Tuesday, 1 November 2011

GoodRead - The Dead Ways

I gonna tell you something: I'm not a big fan of zombies. Seriously, zombies kinda freak me out. I don't like zombie films and TV shows, videogames scare me and when people ask why I don't like zombies, my answer is usually "Well, they're dead! There's nothing really exciting about that." So, when Non from Catnip asked if I wanted to read this, I was in two minds for quite some time over it. But after having a on-off chats with the author, Christopher Edge, on Twitter, I decide to attempt to read it.

The UK government have a plan to benefit future generation of pollution and stop congestion on the UK busiest motorways. The Greening of the Roads scheme is the removal of these roads and replaced by fast-speed train. But since the project started, stranger things have begin to happen. Mist and ghostly apparitions appear out of the nowhere and effect only the motorway.

So, when Scott Williams, son of Alex Williams, civil servant to the Department of Transport, is nearly kidnapped and, six months later, discovered his father dead, he knows something is terrible wrong. And when Detective Inspector Jason Dyer is assigned to the case, both slowly discover that there's a conspiracy going on. But what on earth is the Dead Ways? And how is that connected to the Greening of the Roads scheme?

The Dead Ways is a fast read because it is so short compared to other books I read (and I was reading Clockwork Angel by Cassandra Clare at the same time) as this was under 200 pages long. And it was fast-paced and, seeing as I do like crime thrillers, this suits me to the ground as, most of the story, there was a dark thriller edge to the story so when things did begin to happen, it was a creepy moments in the story (let's not talk about what happened at the Royal Alexandra Hospital's Mortuary as that one scene really creeped me out and I would LOVE to see on TV - Oh yes, I think this would be a brilliant BBC One family show on Saturdays at the Doctor Who & Merlin timeslot!) and they fit the story.
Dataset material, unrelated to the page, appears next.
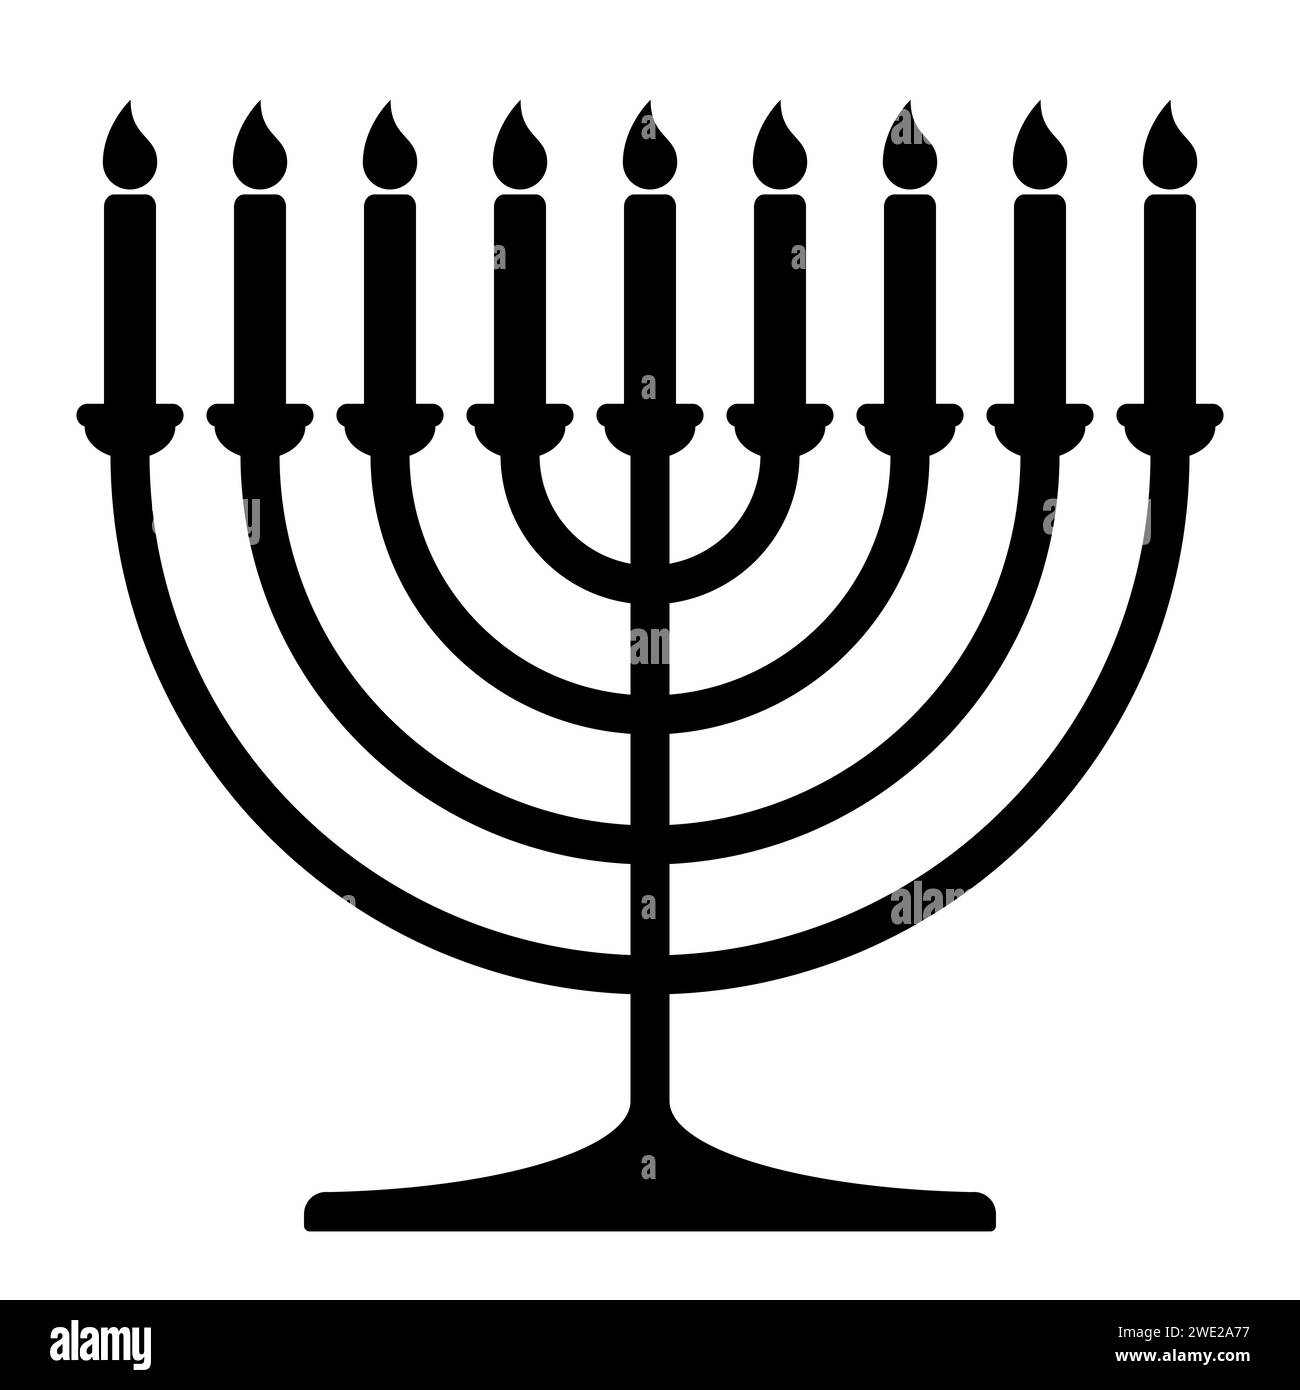 Hanukkah Menora, schwarz-weiße Vektor-Silhouette Illustration von Hanukkiah neun-verzweigten Kerzenleuchtern mit Kerzen Stock Vektor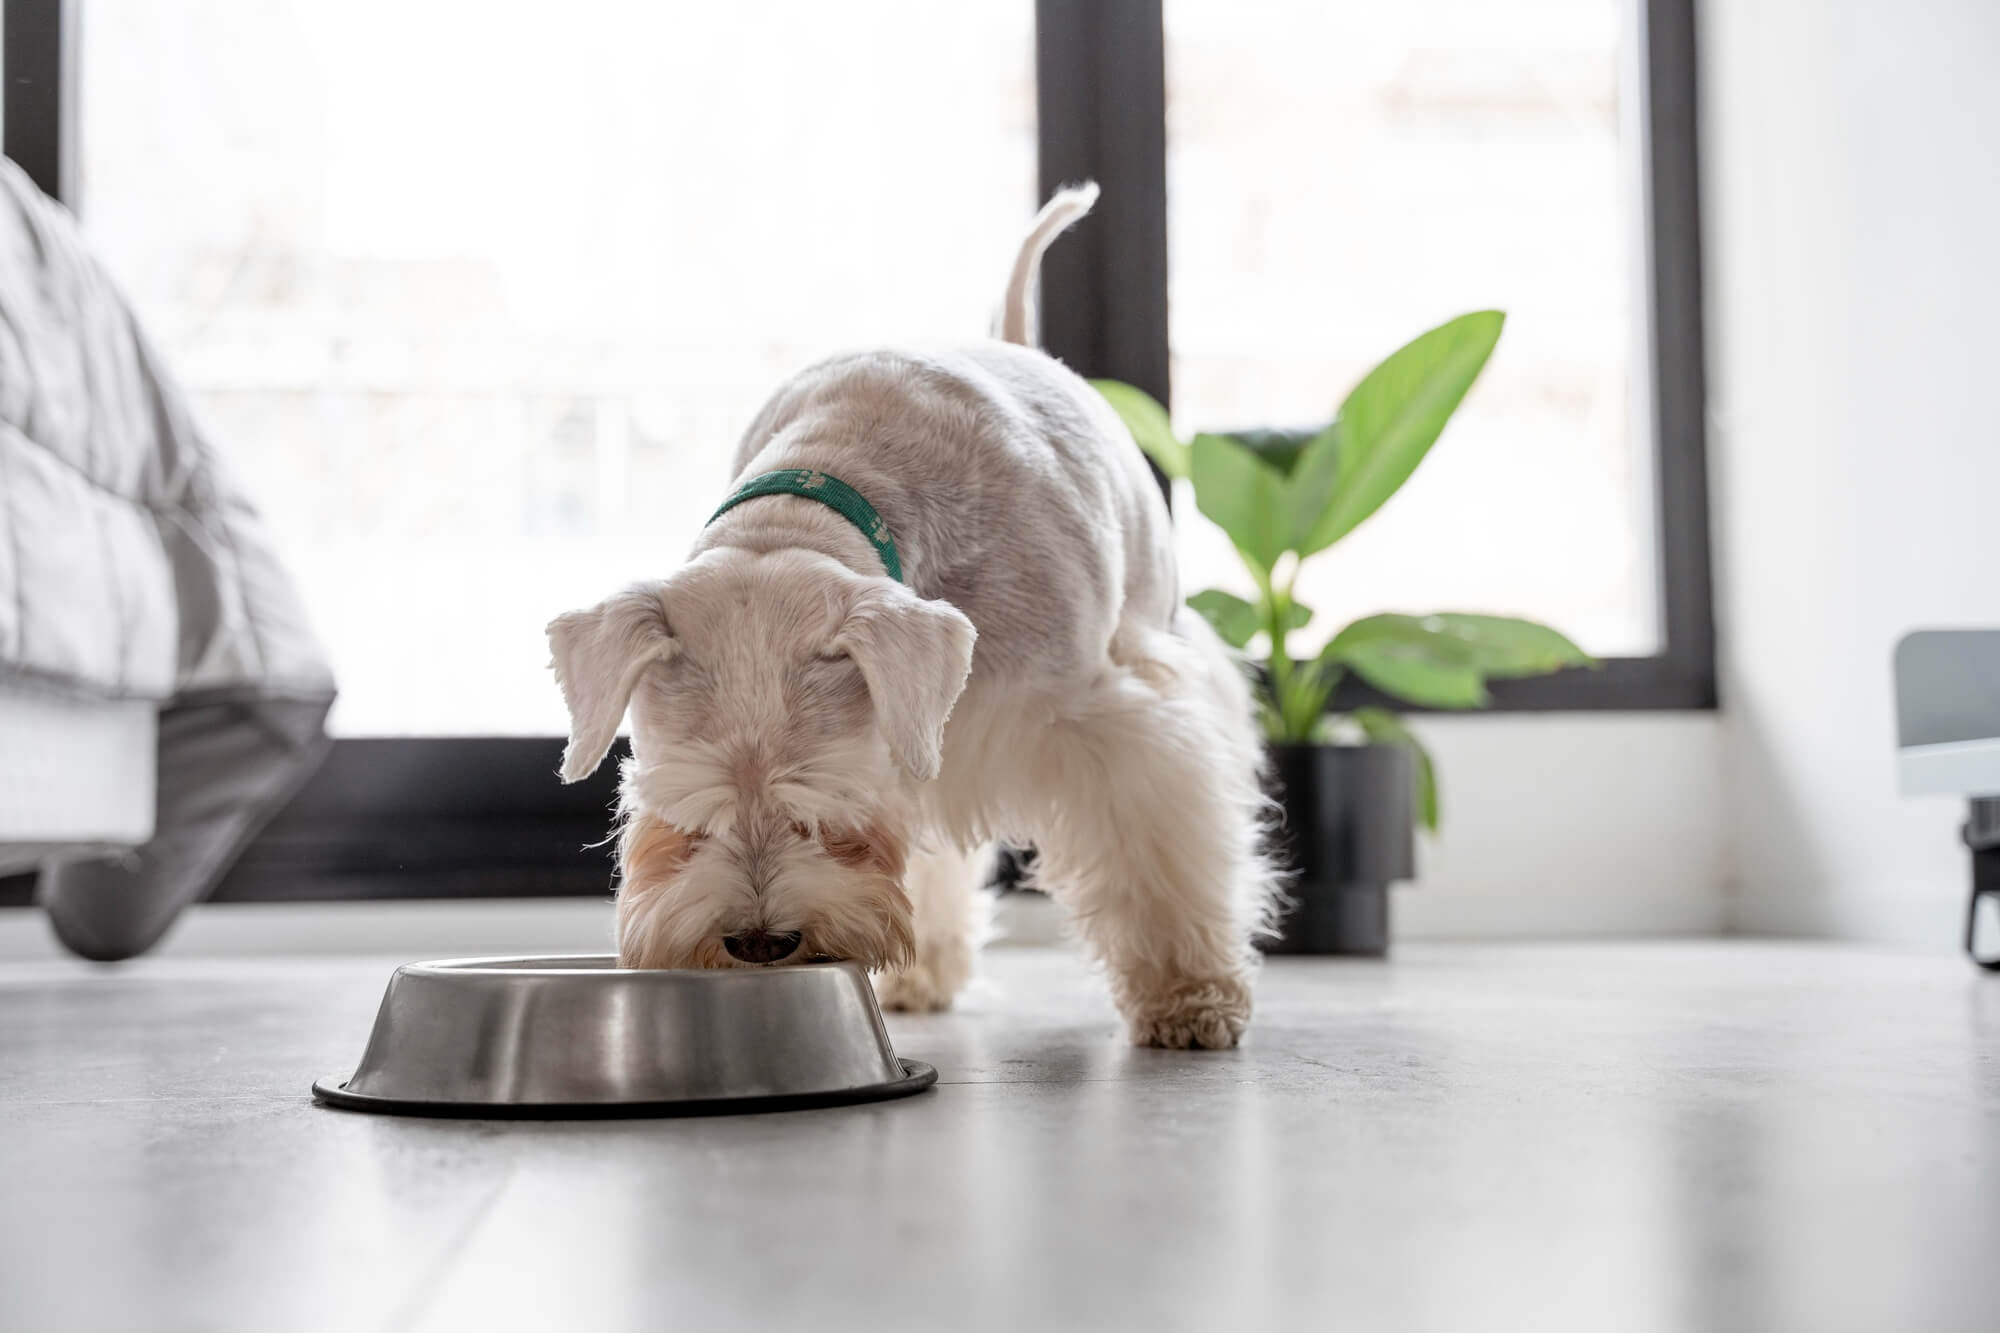 Cachorro branco e marrom comendo ração em um pote de metal, em ambiente interno.

There was one or two things that bothered me about The Dead Ways. The first is that, there were times that I felt that the story lacked substance. And there was times that I put the book down, I had to make myself pick the book up (but as I was reading Clockwork Angel at the same time [part of a Read-A-Long I'm taking part in], this could be the reason).

But The Dead Ways is an interesting supernatural thriller and I will be intrigued on what will happen next in this trilogy. And I might not be able to look at flowers on the side of the roads in the same way again... Thanks, Christopher.



(As I was reading Clockwork Angel at the same time, thinking of what song fitted this book was quite hard. But I heard this after I finished the novel[thanks Michelle Zink!] and it seems to fit the tone. The creepiness of it all! I hope you all enjoy!)

1 comment:

  1. I loved this book, I thought it was really cleverly done and that its perfect for the age range its aimed at.